Here's how you can figure these out.


Once again, it is very useful to use state symbols to show which compound is ionic and which is covalent.

This will help ypu determine which compound will exist as ions in aqueous solution and which as molecules.

In your case, you have two soluble ionic compounds, sodium sulfite, #Na_2SO_3#, and barium acetate, #Ba(C_2H_3O_2)_2#, reacting to produce a soluble salt, sodium acetate, #NaC_2H_3O_2#, and an insoluble solid, barium sulfite, #BaSO_3#, which will precipitate out of solution.

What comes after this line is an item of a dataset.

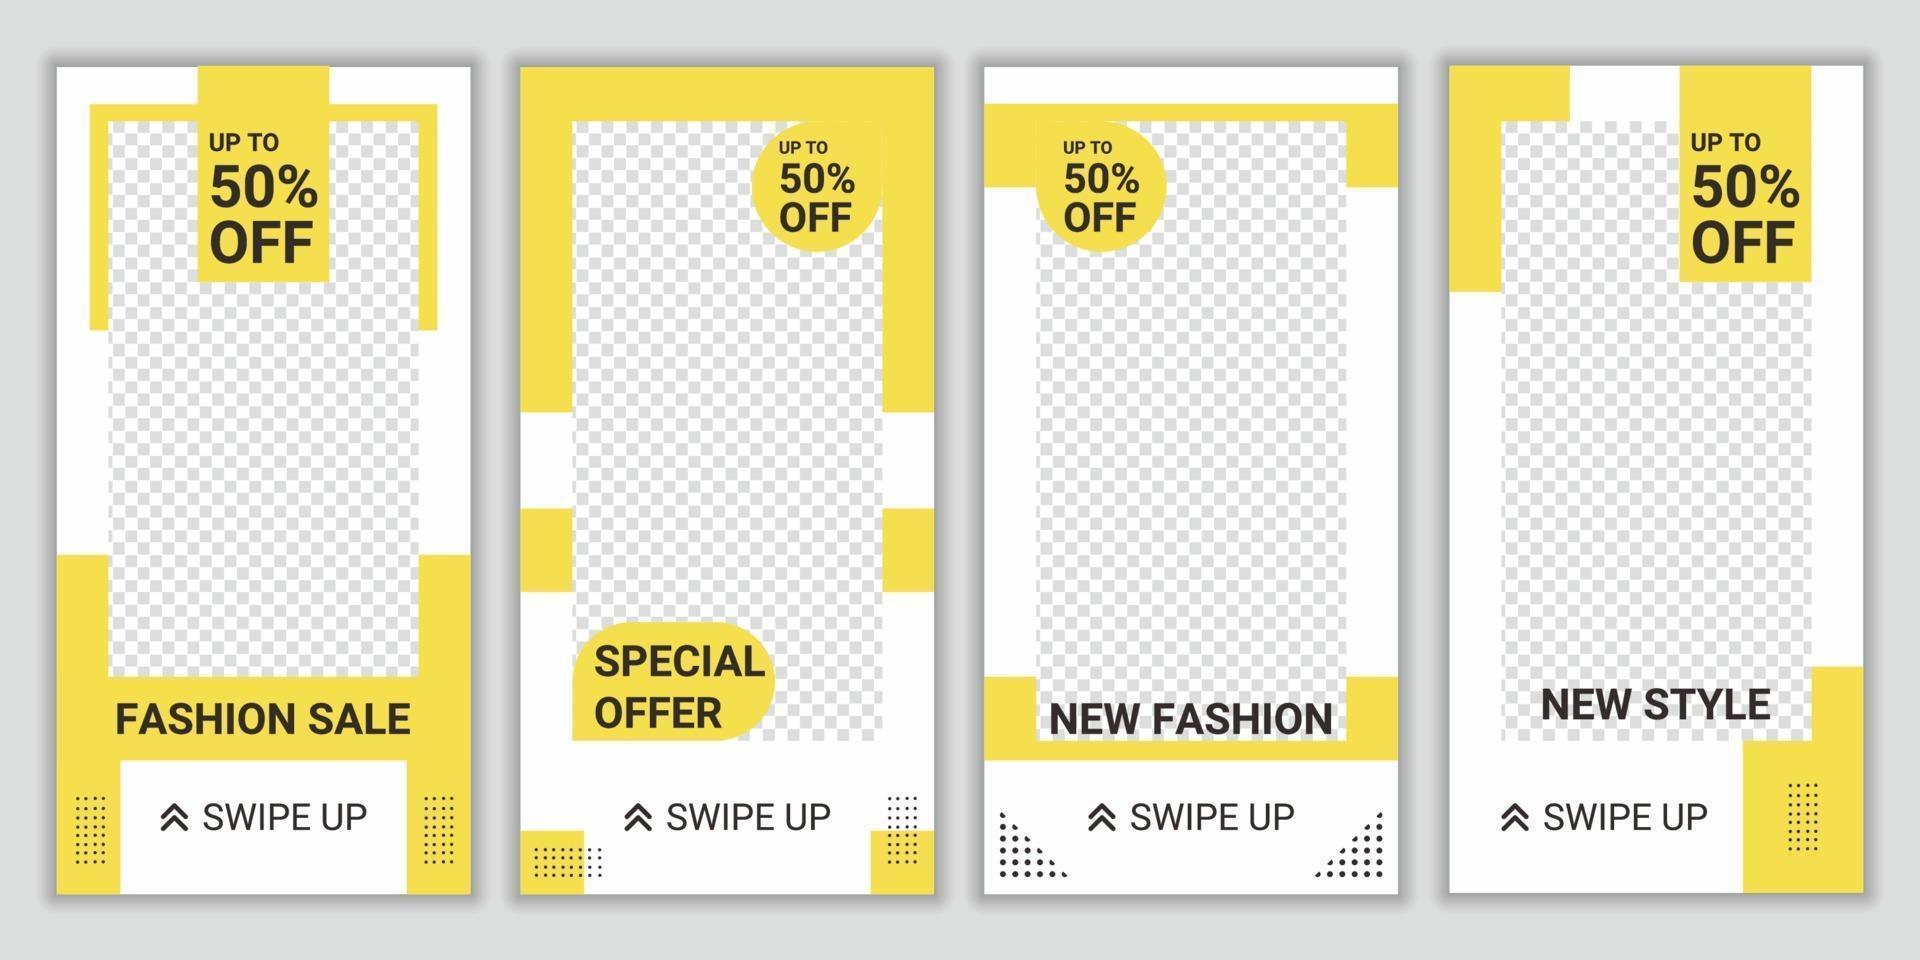 4 uppsättning mode försäljning post sociala medier mall. bakgrundsdesignlayout med ljusgul och vit färg. marknadsföring mode mode. vit och gul bakgrundsfärgformillustration vektor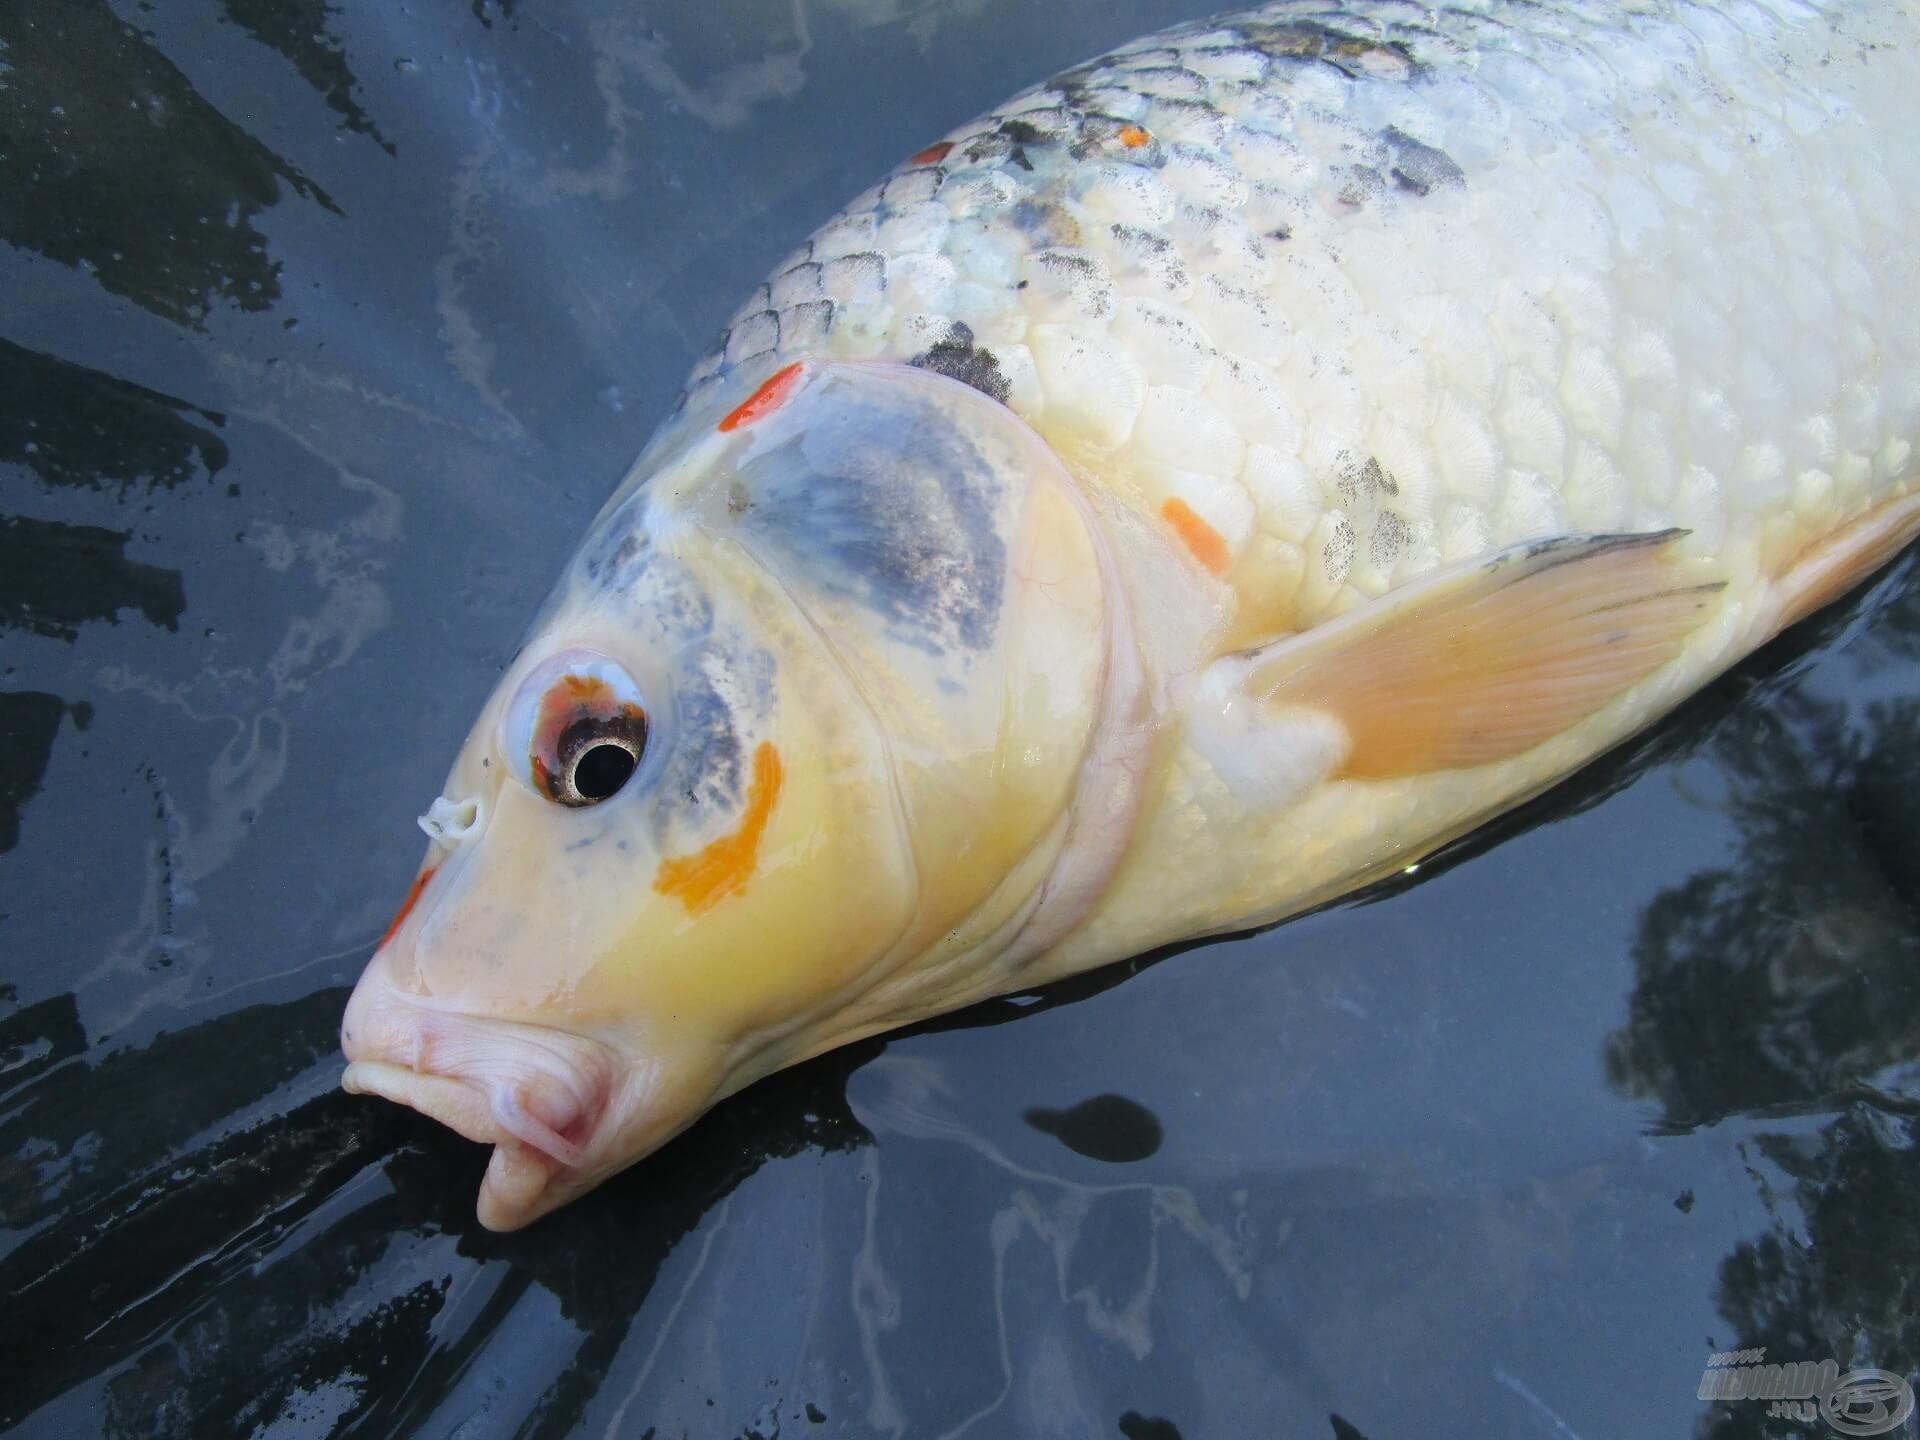 Koi pontyok is élnek a tóban. Ezek a különleges mintázatú halak hatalmas erővel küzdenek

This means that barium sulfite will not exist as ions in solution. So, let's take these equations one by one

  • Molecular equation

To write the molecular equation, simply use the compounds as they are written - but don't forget to include state symbols!

#Na_2SO_(3(aq)) + Ba(CH_3COO)_(2(aq)) -> color(green)(2)NaCH_3COO_((aq)) + BaSO_(3(s)) darr#

  • Complete ionic equation

To write the complete ionic equation you need to break all the ionic compounds into cations and anions. All ions that take part in the reaction are included.

#color(blue)(2)Na_((aq))^(+) + SO_(3(aq))^(2-) + Ba_((aq))^(2+) + color(red)(2)CH_3COO_((aq))^(-) -> color(green)(2)Na_((aq))^(+) + color(green)(2)CH_3COO_((aq))^(-) + BaSO_(3(s)) darr#

  • Net ionic equation

This time you need to remove spectator ions, which are ions that are present on both sides of the equation.

In your case, the sodium cations and the acetate anions will not appear in the net ionic equation.

#cancel(color(blue)(2)Na_((aq))^(+)) + SO_(3(aq))^(2-) + Ba_((aq))^(2+) + cancel(color(red)(2)CH_3COO_((aq))^(-)) -> cancel(color(green)(2)Na_((aq))^(+)) + cancel(color(green)(2)CH_3COO_((aq))^(-)) + BaSO_(3(s)) darr#

This is equivalent to

#SO_(3(aq))^(2-) + Ba_((aq))^(2+) -> BaSO_(3(s)) darr#